Learning programming is like learning how to drive, except it’s safer (at least, physically). You can read, you can learn, but when you sit down and start to drive, you’ll realize that you haven’t learned anything.

That’s why you should focus on coding. When you study something, try to learn the minimum, so you can start to code, and then code as you learn. There is a great answer on Quora, that mentions 3 rules that you should follow when coding.

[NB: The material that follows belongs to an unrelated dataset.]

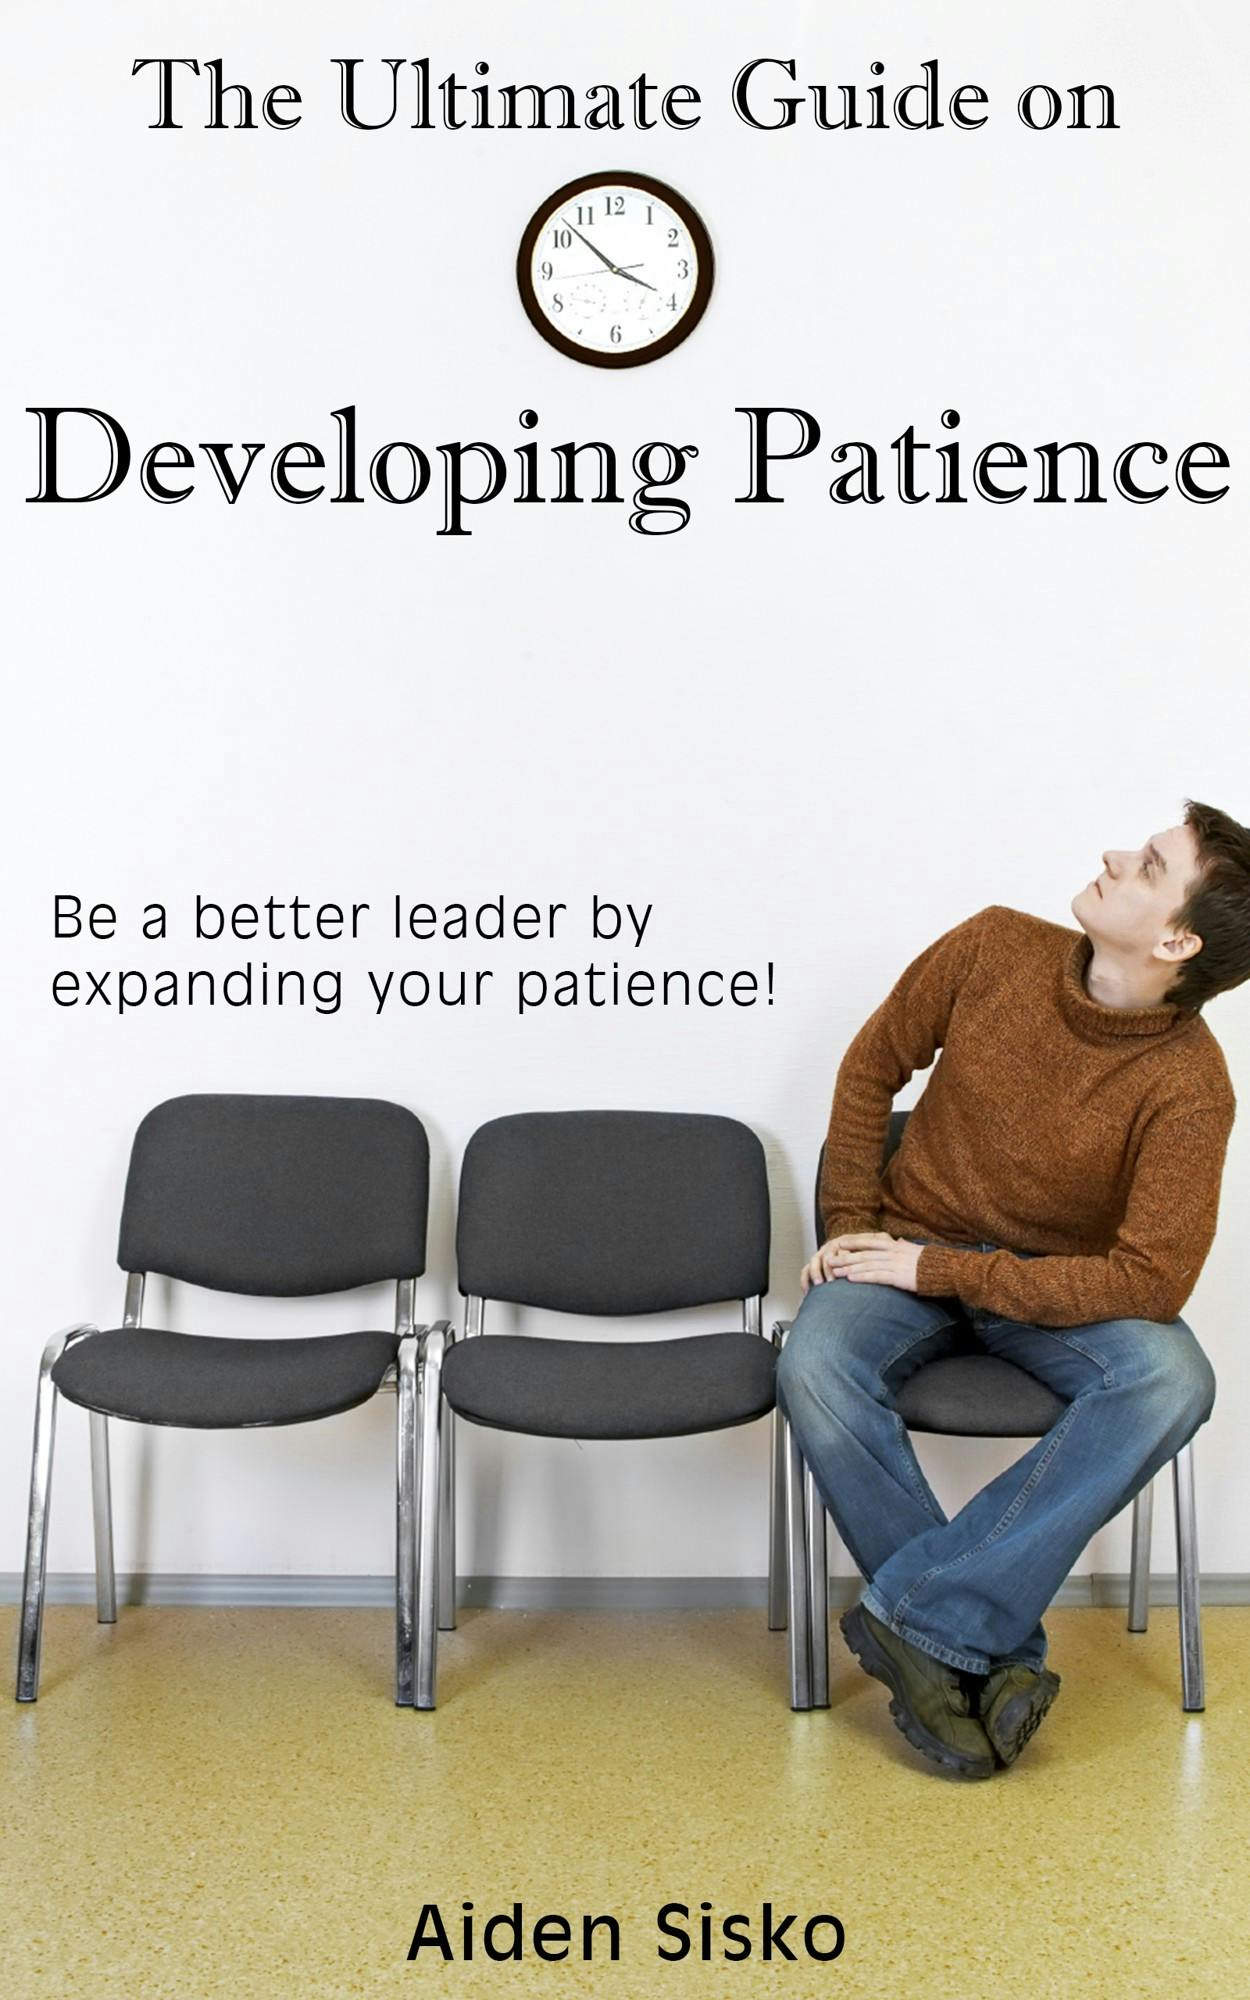 The Ultimate Guide on Developing Patience - Aiden Sisko

  • Write at least one line of code per day
  • First, write code, then refactor
  • No distractions when coding

Here, you can check the answer, that has reasoning for these rules. Maybe you can forget the second rule, but the other 2 are very important.

Attitude

I had to mention attitude. It is a hard path, especially at the beginning, so the right attitude is required. Hard work, believing in yourself, learning to say YES to everything is needed. More precisely, you say NO only when you are 100% sure that it isn’t possible to do. In any other case, you say YES, and you investigate, you try different approaches, you ask for help if it is necessary, you do everything you can. A time will come when you will need to learn to say NO, but first, you have to learn to say YES.

Rest

Of course, don’t forget to rest. You have to rest from the hard work you have done. Most of the stupid things I have done were when I was too tired. When you are tired, you don’t think rationally. You just want to finish your task, no matter. That’s when the biggest mistakes come. You won’t learn anything, you won’t do anything well, you are just wasting your time and nerves.